The photo you see above the title of this article depicts our walk-over-weighing (WOW) systems, which are designed to measure an animal’s weight each time it accesses water. The systems are equipped with wireless connectivity that transmits the date, time, pasture identification, animal electronic identification (EID) and weight the instant an animal walks over the scales. The data is transmitted to a specified computer that enables researchers and producers to access it in real time.
This system consists of Tru-Test brand components (WOW load bar/scale, platform, EID reader and associated electronics), a custom-designed solar power system, and a fabricated metal platform designed to be mobile.
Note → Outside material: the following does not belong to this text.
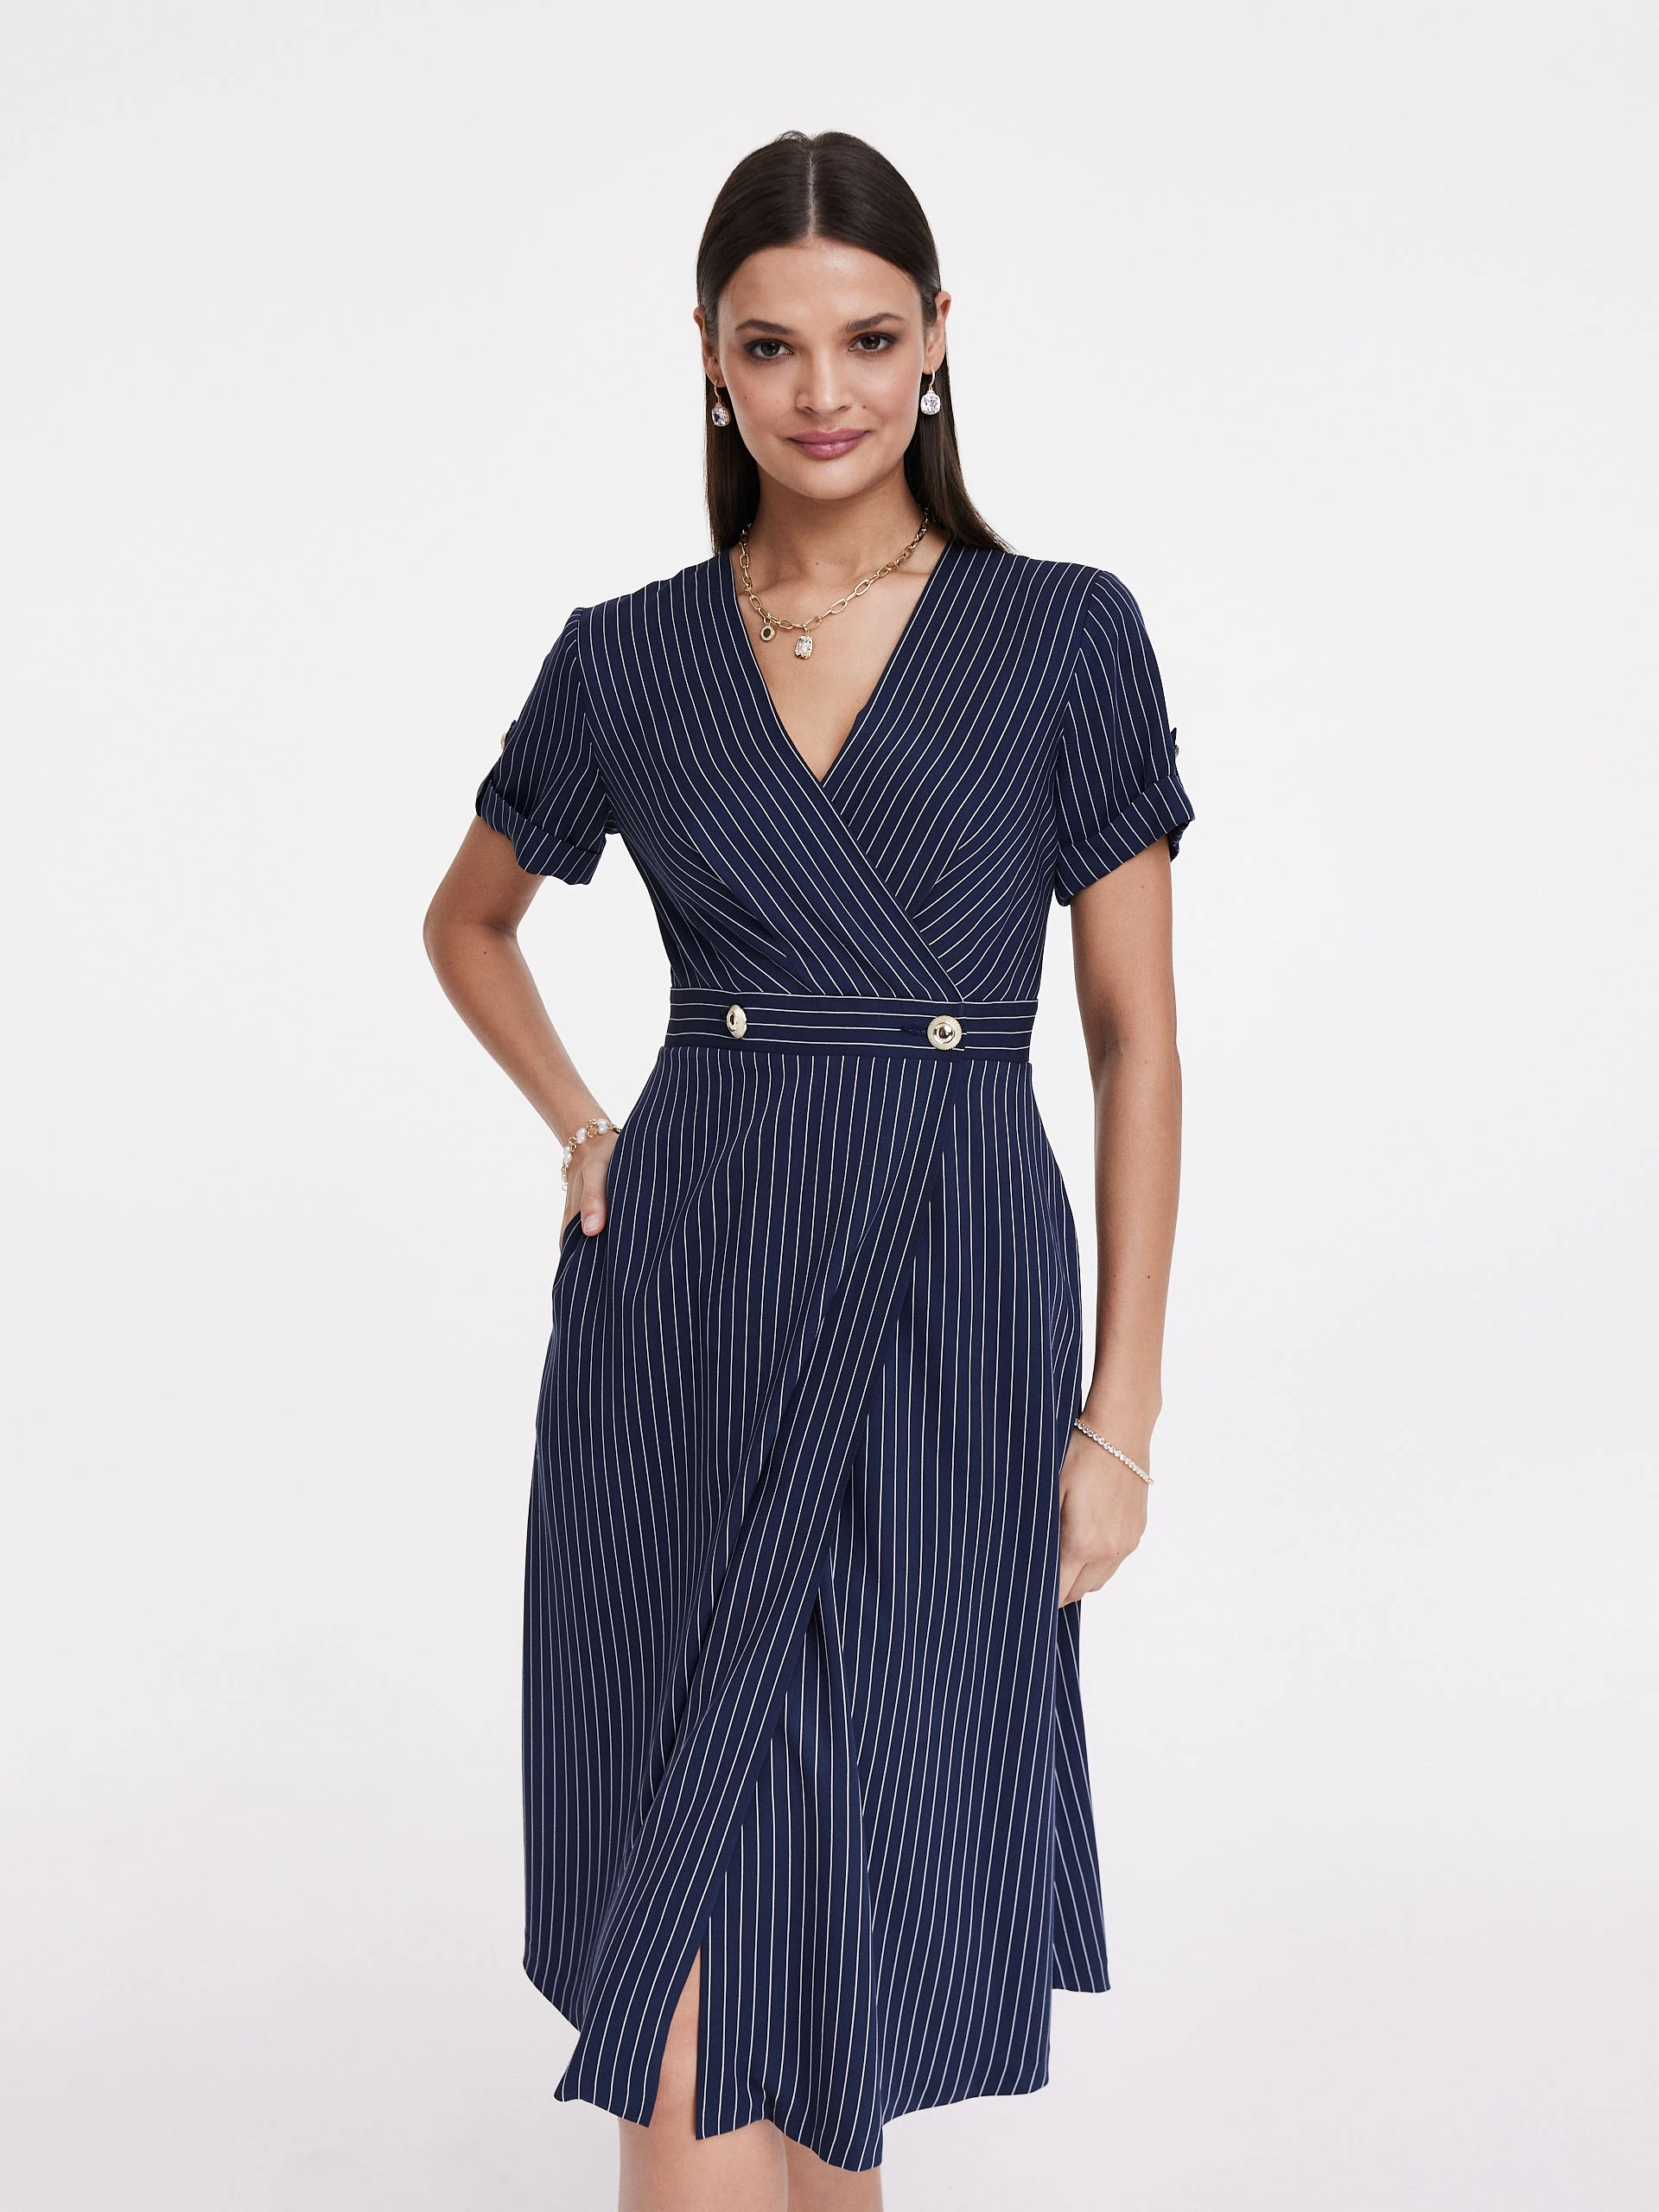 Navy blue dress with white stripes

Each system is positioned in front of the sole water source, so each animal has to walk over the scales to access water.
Ultimately, we would like to develop decision support tools to help producers make management decisions — involving, for example, stocking rate adjustments, marketing opportunities and quick identification of sick animals — on the best-adapted and most profitable forage systems in the region. In order to accomplish this, we need to be able to estimate daily forage biomass and daily animal weight in conjunction with the integration of weather and proven crop models that will help us predict future biomass.
We plan to collaborate with a systems data modeler once these systems are fully functional to help us develop an infield real-time forage biomass growth prediction model.